A geometric separator is a line (or another shape) that partitions a collection of geometric shapes into two subsets, such that proportion of shapes in each subset is bounded, and the number of shapes that do not belong to any subset (i.e. the shapes intersected by the separator itself) is small.

When a geometric separator exists, it can be used for building divide-and-conquer algorithms for solving various problems in computational geometry.

== Separators that are lines ==

=== General question ===
In 1979, Helge Tverberg raised the following question. For two positive integers k, l, what is the smallest number n(k,l) such that, for any family of pairwise-disjoint convex objects in the plane, there exists a straight line that has at least k objects on one side and at least l on the other side?

The following results are known.

- Obviously, n(1,1)=1.
- Hope and Katchalski proved that n(k,1) ≤ 12(k-1) for all k ≥ 2.
- Villanger proved that n(2,2) = ∞: he showed an infinite family of pairwise-disjoint segments such that no straight line has two segments in each side. Pach and Tardos showed a simpler construction using only unit segments, and another construction using only discs (or squares).

=== Separators for axes-parallel rectangles ===
Given a set of N=4k disjoint axis-parallel rectangles in the plane, there is a line, either horizontal or vertical, such that at least N/4 rectangles lie entirely to each side of it (thus at most N/2 rectangles are intersected by the separator line).

==== Proof ====
Define W as the most western vertical line with at least N/4 rectangles entirely to its west. There are two cases:
- If there are at least N/4 rectangles entirely to the east of W, then W is a vertical separator.
- Otherwise, by moving W slightly to the west, we get a vertical line that intersects more than N/2 rectangles. Find a point on this line that has at least N/4 rectangles above and N/4 rectangles below it, and draw a horizontal separator through it.

==== Optimality ====

The number of intersected shapes, guaranteed by the above theorem, is O(N). This upper bound is asymptotically tight even when the shapes are squares, as illustrated in the figure to the right. This is in sharp contrast to the upper bound of O(√N) intersected shapes, which is guaranteed when the separator is a closed shape (see previous section).

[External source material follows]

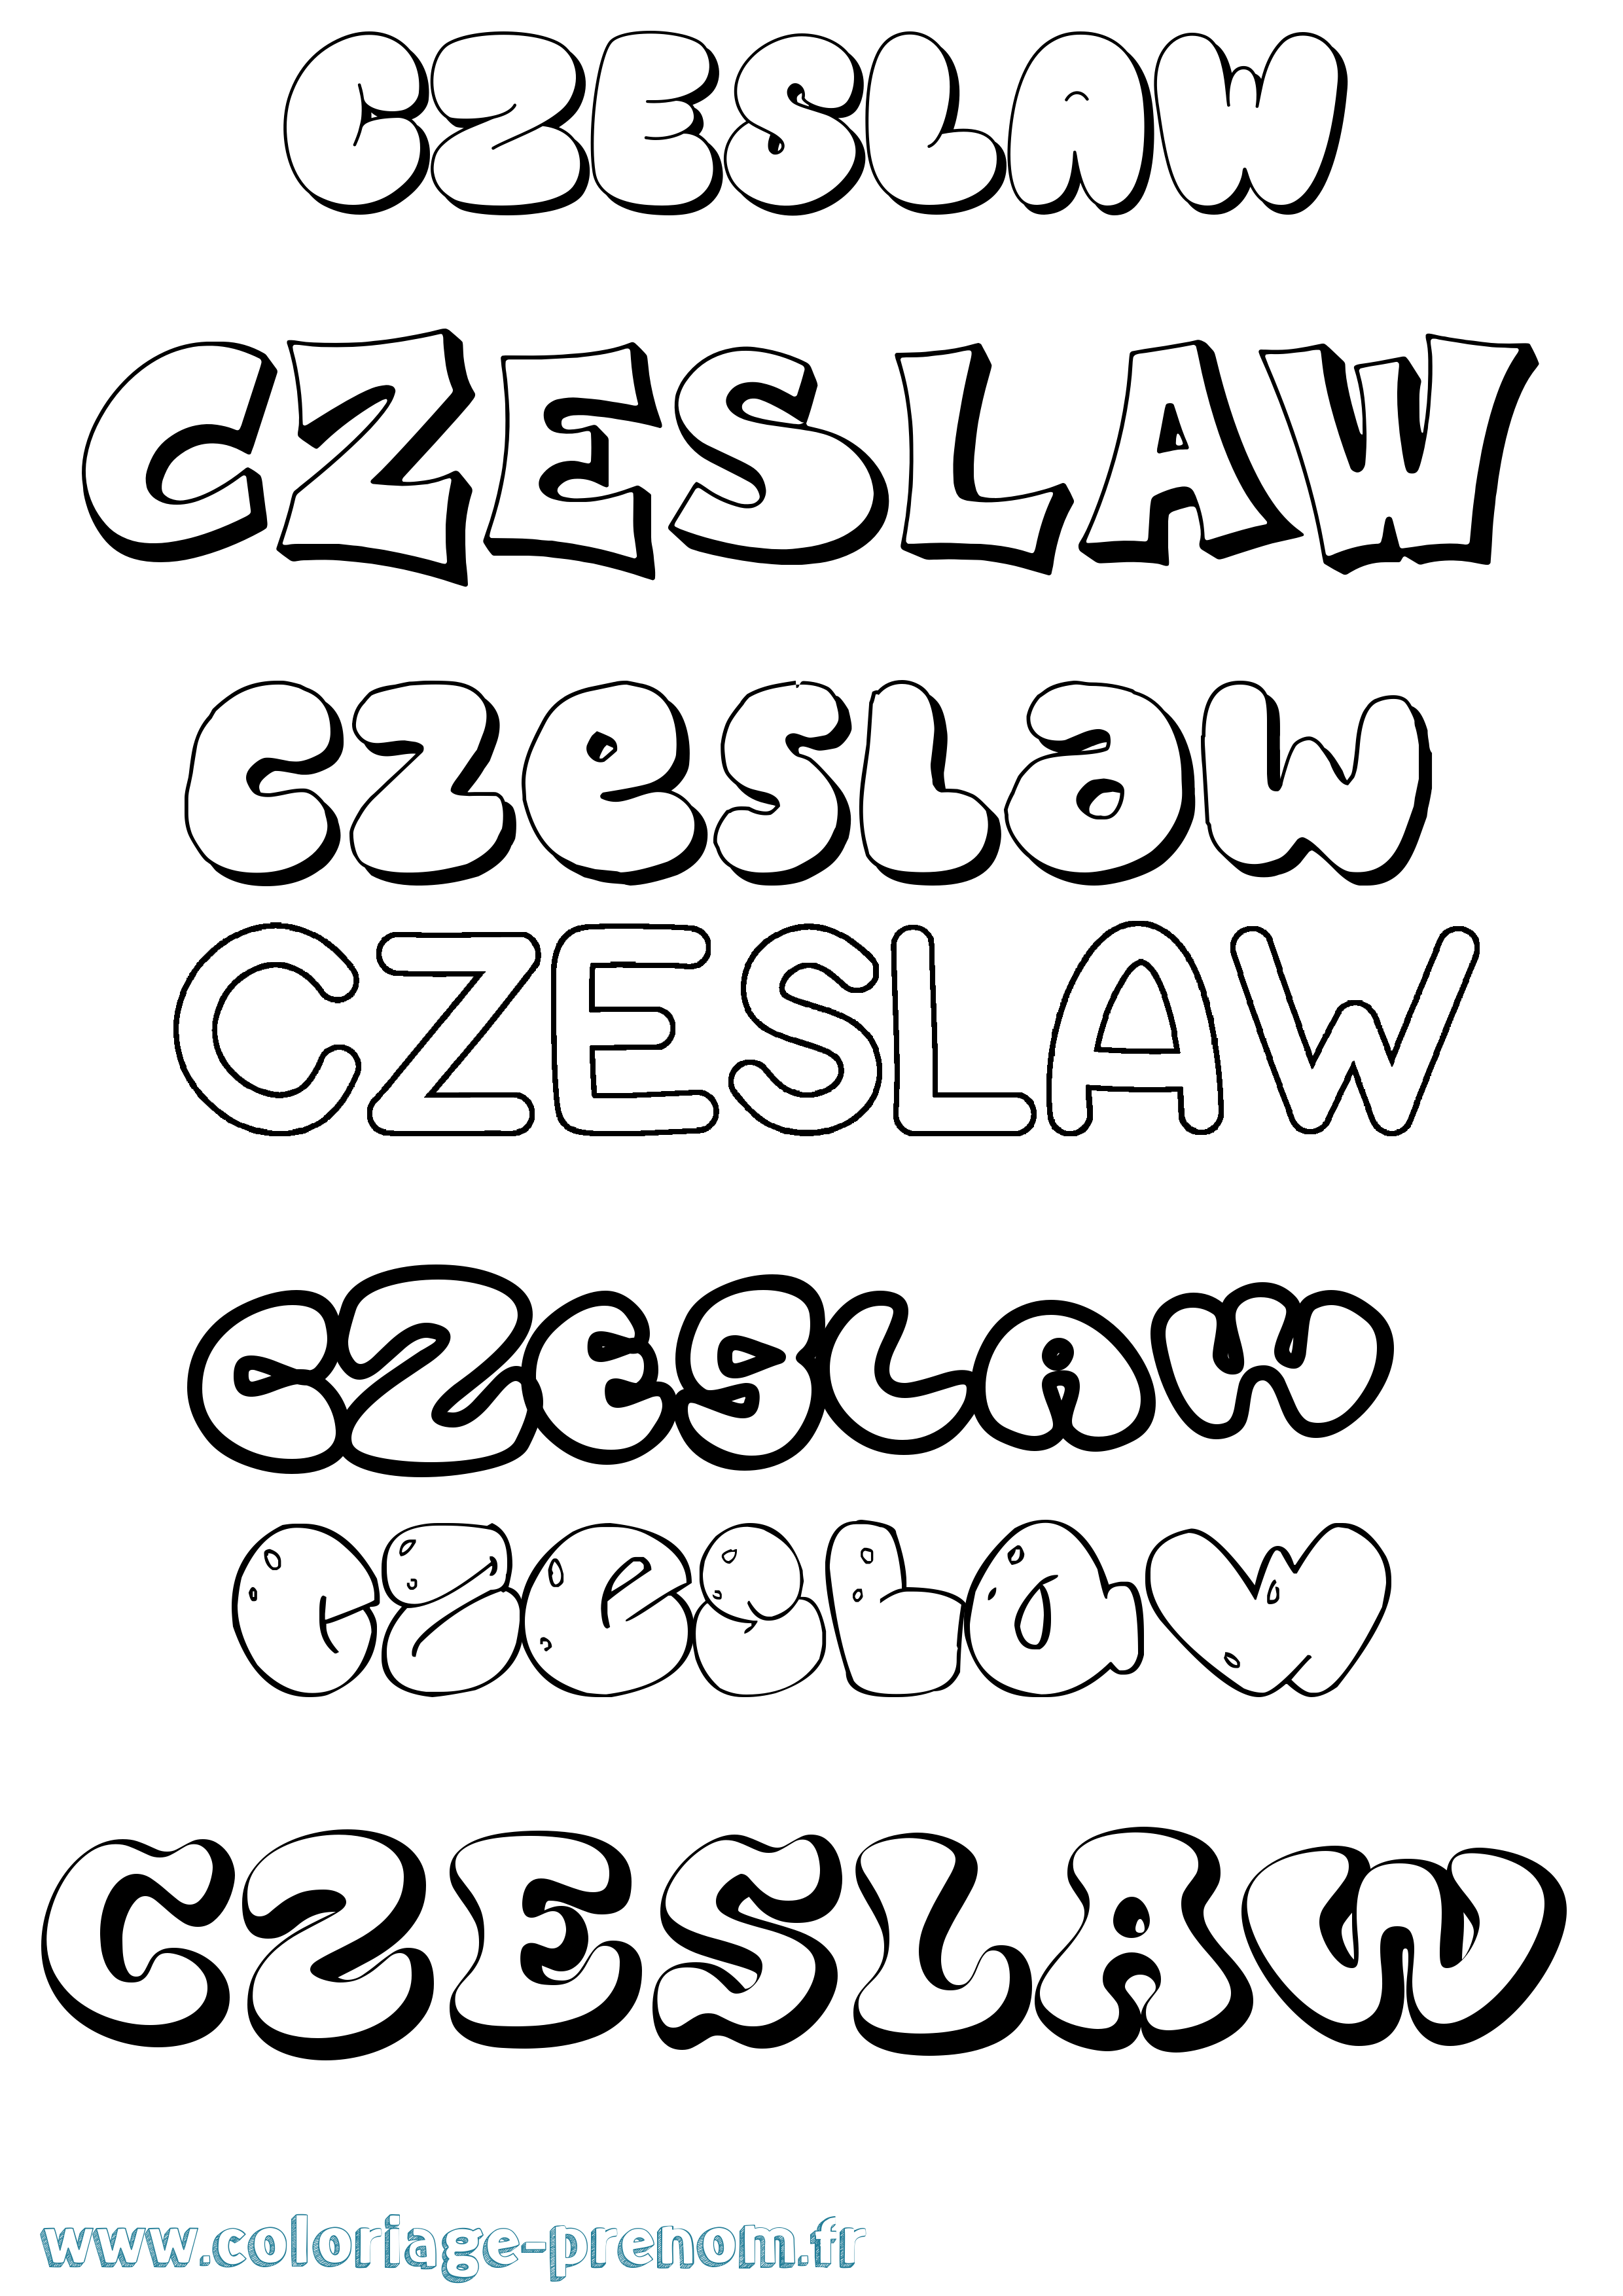 Coloriage prénom Czeslaw Bubble

Moreover, when the shapes are arbitrary rectangles, there are cases in which no line that separates more than a single rectangle can cross less than N/4 rectangles, as illustrated in the figure to the right.

==== Generalizations ====
The above theorem can be generalized from disjoint rectangles to k-thick rectangles. Additionally, by induction on d, it is possible to generalize the above theorem to d dimensions and get the following theorem:

 Given N axis-parallel d-boxes whose interiors are k-thick, there exists an axis-parallel hyperplane such that at least:
 $\lfloor(N+1-k)/(2d)\rfloor$
 of the d-box interiors lie to each side of the hyperplane.

For the special case when k = N − 1 (i.e. each point is contained in at most N − 1
boxes), the following theorem holds:

 Given N axis-parallel d-boxes whose interiors are (N − 1)-thick, there exists an axis-parallel hyperplane that separates two of them.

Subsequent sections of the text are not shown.